Джинни все время чувствовала себя неловко — ведь многочисленные друзья и родственники ожидали, что Стив женится на Ане Вальдес, а тут неизвестно откуда появилась незнакомая женщина, да к тому же американка! Но ее приняли без расспросов, с истинным гостеприимством и добротой. И теперь заверения дона Франсиско, что внук подчинится его приказу, уже не казались ей странными. Она поняла, что старик держит в руках жизнь и смерть людей, работавших на асиенде. Рассказы Стива и Ренальдо помогли девушке лучше увидеть картину этого все еще феодального общества. Но каким образом Стиву удалось вырваться отсюда? И почему он захотел сделать это? Она чувствовала, что презирает его еще больше за то, кем он стал — бандитом, авантюристом, и не потому, что должен бороться за выживание, нет. Стив был достаточно безрассуден, беспечен и порочен, чтобы жить подобной жизнью.
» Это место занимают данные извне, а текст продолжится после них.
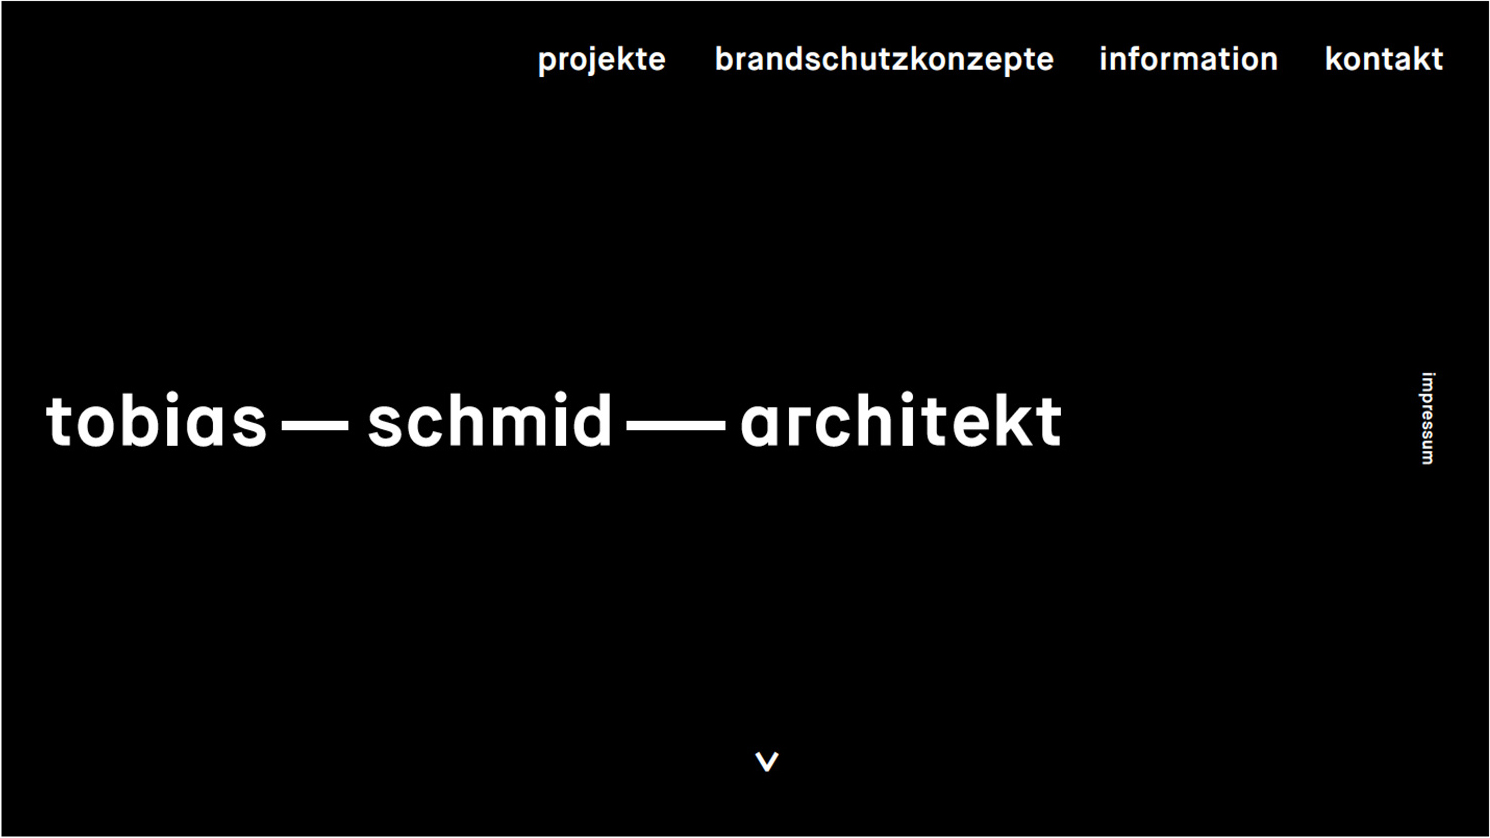 tobias-schmid-architekt, Corporate Identity

И что еще хуже, он лицемер — осмеливается осуждать богатых землевладельцев и французов, прибывших сюда по их приглашению, — но разве он сам не был одним из них?! Он убивал и воровал во имя дела Хуареса, который желал все отобрать у богатых и раздать бедным — бандитам и пеонам, своим сторонникам! Нет, Джинни никогда не понять этого!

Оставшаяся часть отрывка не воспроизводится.